Rep. Raul Ruiz was a sponsor and staunch advocate of the Promise to Address Comprehensive Toxics Act (PACT Act), which became law last August and expands Department of Veterans Affairs (VA) benefits and care for veterans exposed to burn pits and other toxic substances.
But even before that, he introduced the Presumptive Benefits for War Fighters Exposed to Burn Pits and Other Toxins Act of 2020. On February 28 during The American Legion’s Washington Conference, Ruiz shared with Legion Family members why he was so passionate the cause: meeting Air Force veteran Jennifer Kepner, a constituent of his who was exposed to burn pits in Iraq and died of pancreatic cancer.
“Before her death, Jennifer asked me to fight for veterans like her who had been exposed to burn pits, which she called, ‘the Agent Orange of our generation,’” Ruiz said. “And I promised her at her kitchen table when we met that I would fight for her and other veterans that had been denied benefit due to their exposure to burn pits. And now, veterans like Jennifer Kepner and families like hers will be able to receive the benefits and care that they need … without facing an arduous process from the VA.”
Ruiz, an emergency medicine physician, was honored for his efforts with the PACT Act and other veterans advocacy prior to his address by being presented The American Legion’s Distinguished Public Service Award. He, in turn, thanked the Legion for its support of and advocacy on behalf of the PACT Act.
“The Honoring Our Pact Act is now the law of the land because of you,” he said. “This is a great victory that we shared together because of the leadership and the advocacy of The American Legion (and its members) from all across the country and fought over the years to move this legislation forward.

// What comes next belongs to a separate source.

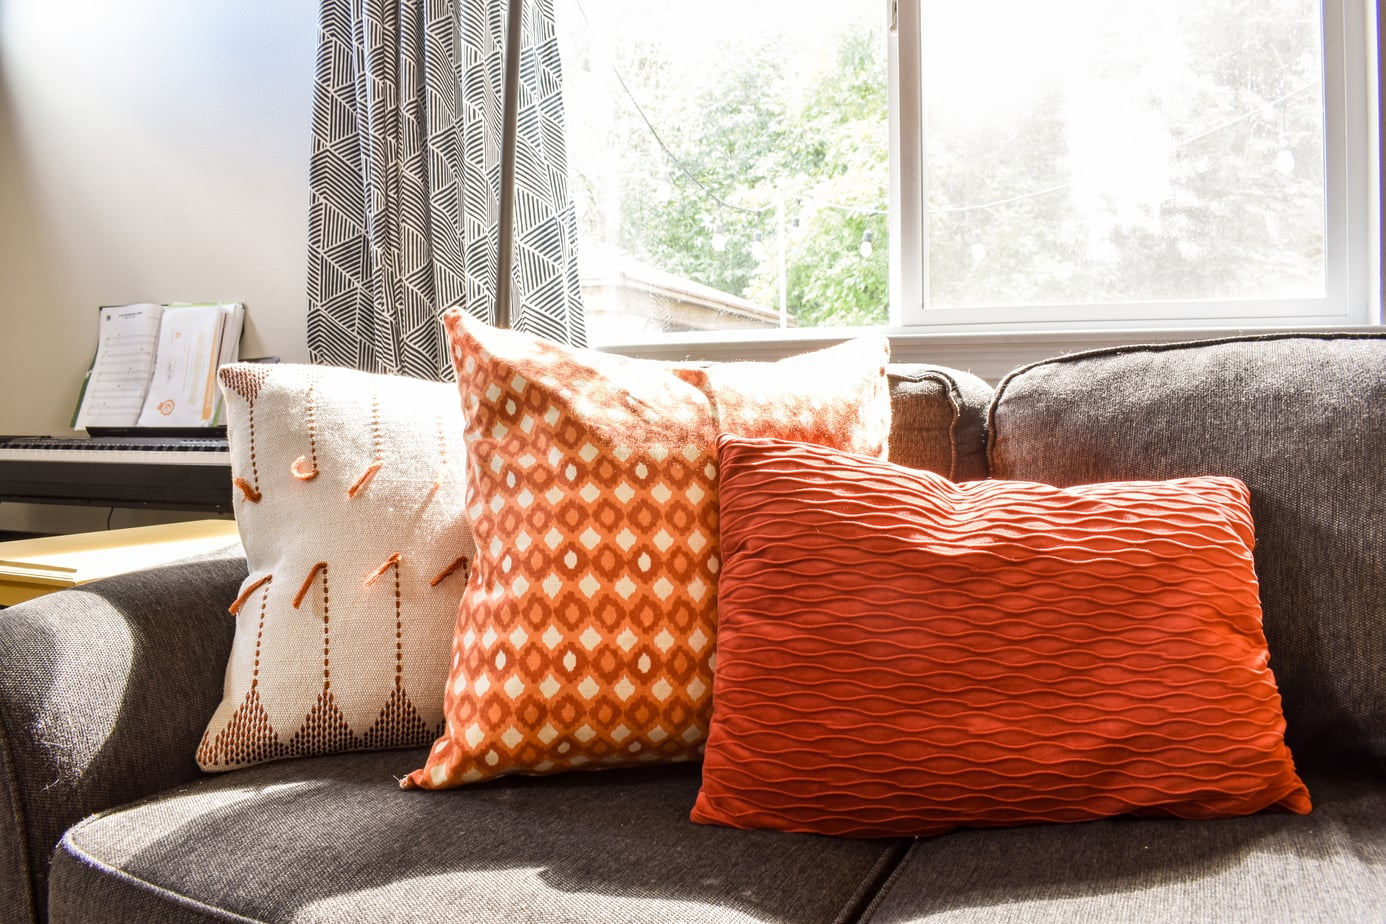 photo of cozy Fall throw pillows on sofa

I’m so thankful to have had advocates like The American Legion by my side pushing for these veterans throughout the entire journey.”
Ruiz said the next step is ending the use of burn pits “once and for all, so that future generations of servicemembers won’t have to face the same health crisis as our Vietnam and Gulf War exposed veterans have.”
He also spoke about providing proper support for non-U.S. citizens who served in the military but now “still face the dangers of deportation, and being separated from their families and communities. I believe that if you fight and risk your life for our country, you should stay in our country. That is why as chair of the Congressional Hispanic Caucus last Congress, I led the caucus in support of (Rep. Mark) Takano’s Veterans Service Recognition Act to prevent the deportation of non-citizen servicemembers and give them due process in America and a fair shot at a pathway to citizenship. With the Congressional Hispanic Caucus’ and your support, this passed the House last Congress.
“While we are still working hard to bring this legislation to President Biden’s desk, together with the Department of Homeland Security and Department of Veterans Affairs and Department of Defense, we brought forward the initiative to support non-citizen servicemembers, veterans and immediate family members. This new portal ensures that veterans and their family members get the assistance and direction they need with their immigration cases when they need it.”